The top speed of the battery-powered prototypes will be 25 miles (40 kilometers) per hour and are designed for utility, not luxury.
"We'll have two seats (with seatbelts), a space for passengers' belongings, buttons to start and stop, and a screen that shows the route -- and that's about it," Urmson said.
The blog post shows a photo of a prototype and an artist's rendering -- both rounded, bug-looking vehicles.
"We took a look from the ground up of what a self-driving car would look like," Google co-founder Sergey Brin told the Re/code conference in Rancho Palos Verdes, California.
"The reason I'm so excited about these prototypes and the self-driving car project in general is the ability to change the world and the community around you," Brin added.
Brin said Google is likely "to partner with a lot of companies" on the project, but declined to elaborate.
Until now Google has been re-fitting Lexus and Honda cars to work as self-driving ones.
Richard Wallace, who heads transportation systems analysis at the Michigan-based Center for Automotive Research, said Google's effort may accelerate the drive for autonomous vehicles.
"This certainly excites the imagination, and it makes it a lot more real to the public," Wallace told AFP.
"It also prompts some others to step up and it shows a fair amount of commitment by Google to figure out the manufacturing game."
Several automakers have been working on autonomous or semi-autonomous features for cars, such as self-parking, but no fully autonomous car has come to market.
A January report by the research firm IHS said self-driving cars could start hitting highways by 2025 and number as many as 35 million globally by 2035.
- Tech-sector vehicles -
Wallace said the market is now shifting and that Google's actions may bring other nontraditional firms into the auto sector.
"I wouldn't be surprised if Apple formed a partnership with a car company" for a similar project, Wallace said.
Roger Kay, analyst with Endpoint Technologies Associates, agreed that Google is shaking up the sector.
"It looks as if the technology is coming to fruition faster than the public is ready to accept it, which is a bit surprising," Kay told AFP.
He added that the new technology needs a company outside the auto sector to make it happen quickly.
"My sense is that if Google wants to do it right, they have to do it themselves," he said.
"The auto companies want tomorrow to look like yesterday.
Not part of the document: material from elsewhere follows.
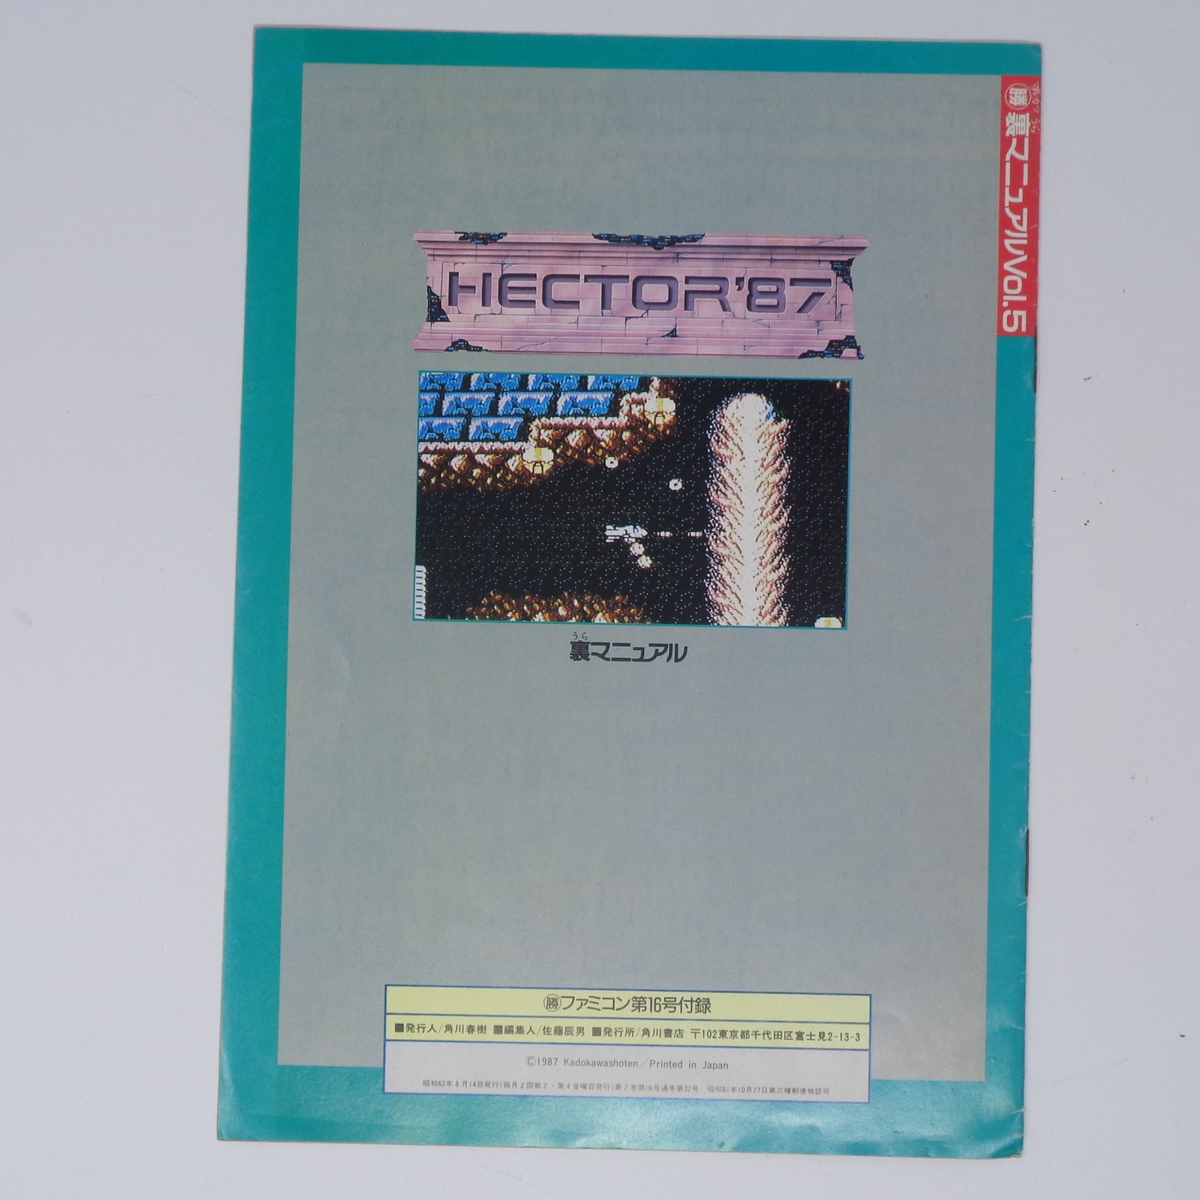 HECTOR'87 裏マニュアル マルカツファミコン 1987年8月14日号Vol.16別冊付録/12ページ/ゲーム雑誌付録[Free Shipping]

They want to incorporate new things but don't want to change the essential equation."
Kay said that he believes consumers will eventually embrace the technology because "it's liberating."
"I can't wait for this. I hate driving," he said.
"But also, individual human beings make suboptimal decisions all the time... driving seems complicated but it can be broken down into very simple stimulus reactions, and that lends itself beautifully to computers."